Several lines of evidence link imprinted regions and autism predisposition. Schanen (2006) has pointed out that the gene loci with suggestive or possible linkage to autism overlap or are in close proximity to regions subject to genomic imprinting. The evidence is strongest for loci on 7q and 15q. Duplication of proximal 15q, when derived from the mother, has been associated with autism. When duplication from the same region is derived from the father, autism does not occur. Deletions of the maternal copy of the same region on 15q, paternal disomy, and mutations of UBE3A cause Angelman syndrome, a disorder that typically presents with autistic features and mental retardation. Hence, silencing or overexpression of genes from this region appears to predispose to autism. Jiang et al. (2004) have proposed a mixed epigenetic and genetic model for autism based on abnormal DNA methylation at the 5′ CpG island of UBE3A, on chromosome 15, in one autism brain, decreased E6-AP protein (product of UBE3A) in several autism brains, and sharing of paternal 15q alleles in one cohort of autism sibpairs. MECP2, the X chromosomal gene responsible for Rett syndrome, exerts its effect by binding individual CpGs and recruiting other repression-related factors. A primary target of this effect is UBE3A, the gene responsible for Angelman syndrome. This may explain the clinical similarities between Rett and Angelman syndrome. Hussman (2001) and Martin et al. (2000) have suggested that GABAergic inhibition predisposes to autism. Three GABA receptor subunits (GABA α, β, γ) are located near the imprinted region of chromosome 15q.
Less work has been performed on the putative autism loci on 7q.
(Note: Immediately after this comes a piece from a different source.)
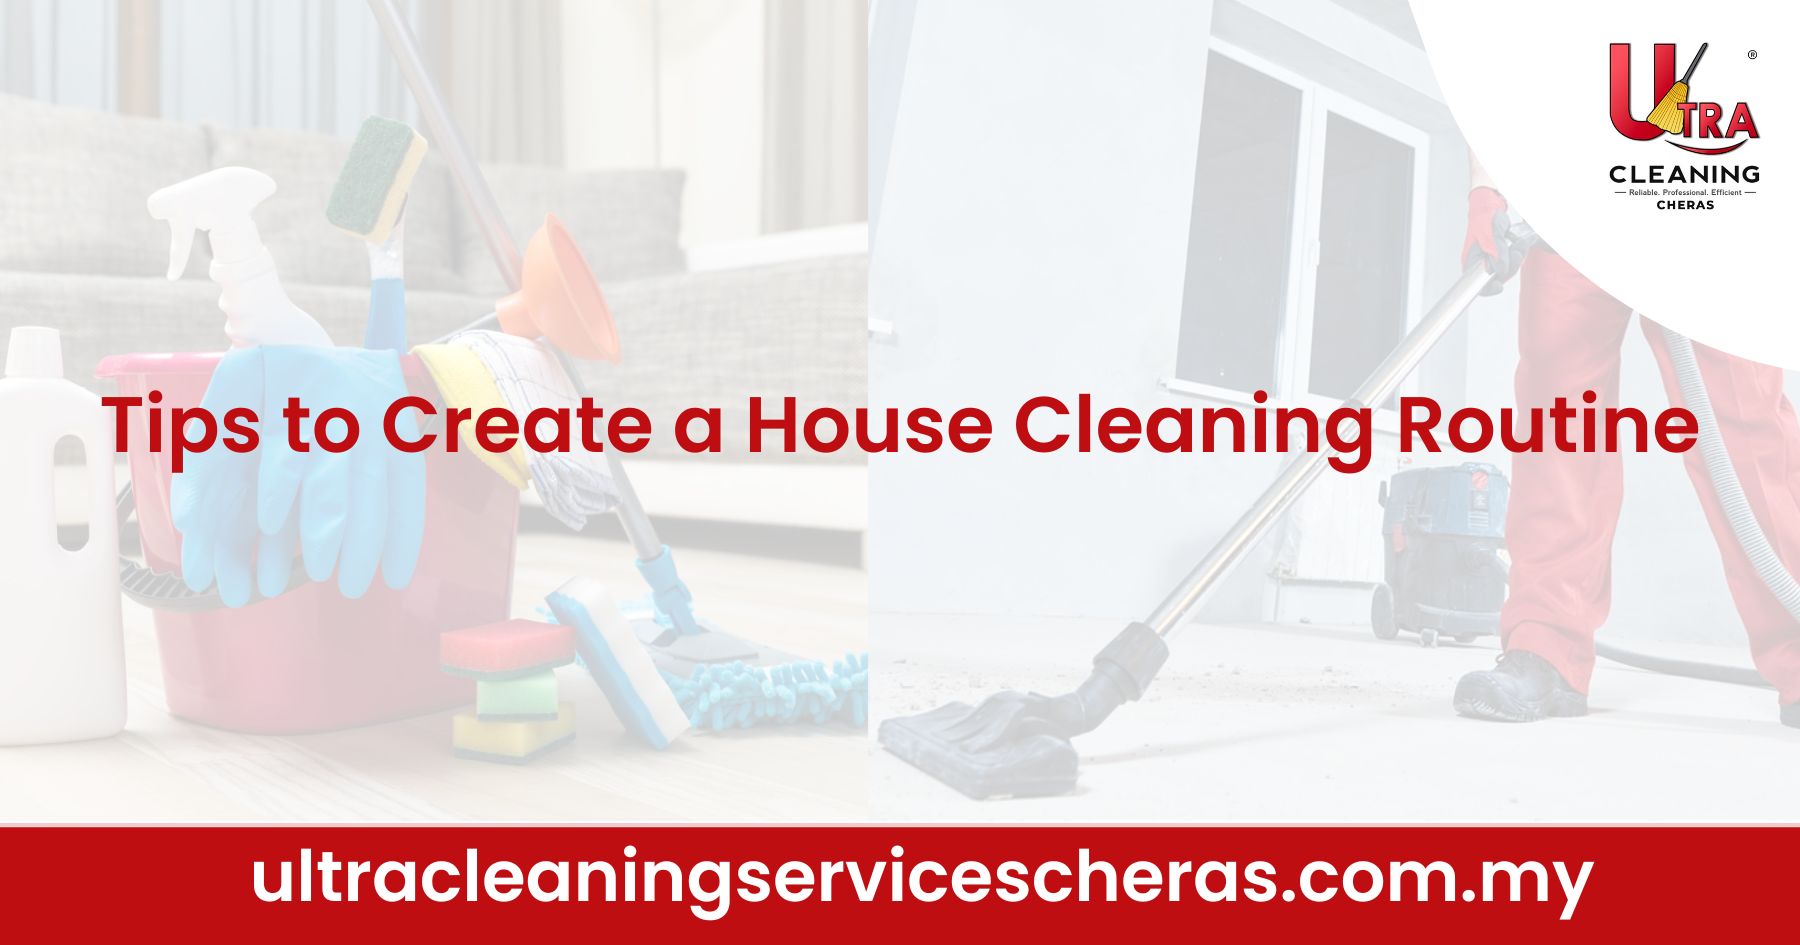 Tips to Create a House Cleaning Routine

Campbell et al. (2006) have found the C allele in the promotor of MET receptor tyrosine kinase in the 7q31 autism candidate region to be a risk factor in autism. The C allele reduces MET expression and alters binding of transcription factors. Schanen (2006) reviewed the status of genes in the imprinted cluster on 7q21.3 finding several attractive candidates, but none that had conclusive evidence for autism susceptibility. Freitag (2007) suggested that RELN, LAMB1, and EN2 were perhaps the three most promising autism candidate genes on chromosome 7.
Skuse (2000) has proposed that at least one loci on the X chromosome is imprinted, being expressed only from the paternal chromosome. Patients with Turner syndrome (45,X) who have a maternal X are more vulnerable to impairments in language and social interactions, whereas those with a paternal X may be protected, having significantly better social adjustment and superior language skills. Xp deletions of the boundary between the Xp pseudoautosomal region and marker DXS7103 have been found in three females with autism (Thomas et al. 1999).
Silencing and overexpression of genes with normal DNA sequence on the single X chromosome in males and the active X chromosome in females have been identified as biological phenomena of significance. The most prominent example of gene silencing occurs in the fragile X syndrome. The pathology is based on expansion and methylation of a CGG repeat in the 5′ untranslated region of the FMR1 gene. Methylation and silencing of expression typically occur when the CGG repeat number exceeds 200 copies (Lubs 1969, Sutherland 1977, Oberle et al. 1991, Yu et al. 1991). Overexpression of MECP2 caused by duplication of the gene and adjacent region in Xq28 has been documented in numerous cases of males with mental retardation, hypotonia, and recurrent infections (Pai et al. 1997, Lubs et al. 1999, Van Esch et al. 2005, Friez et al. 2006). Males with duplication of MECP2 likewise have an increased risk of autism spectrum disorders (Meins et al. 2005, Friez et al. 2006).
The various chromosomal alterations and gene mutations currently reported in association with autism indicate the genetically heterogeneous nature of autism and taken together account for only a minority (less than 20%) of cases.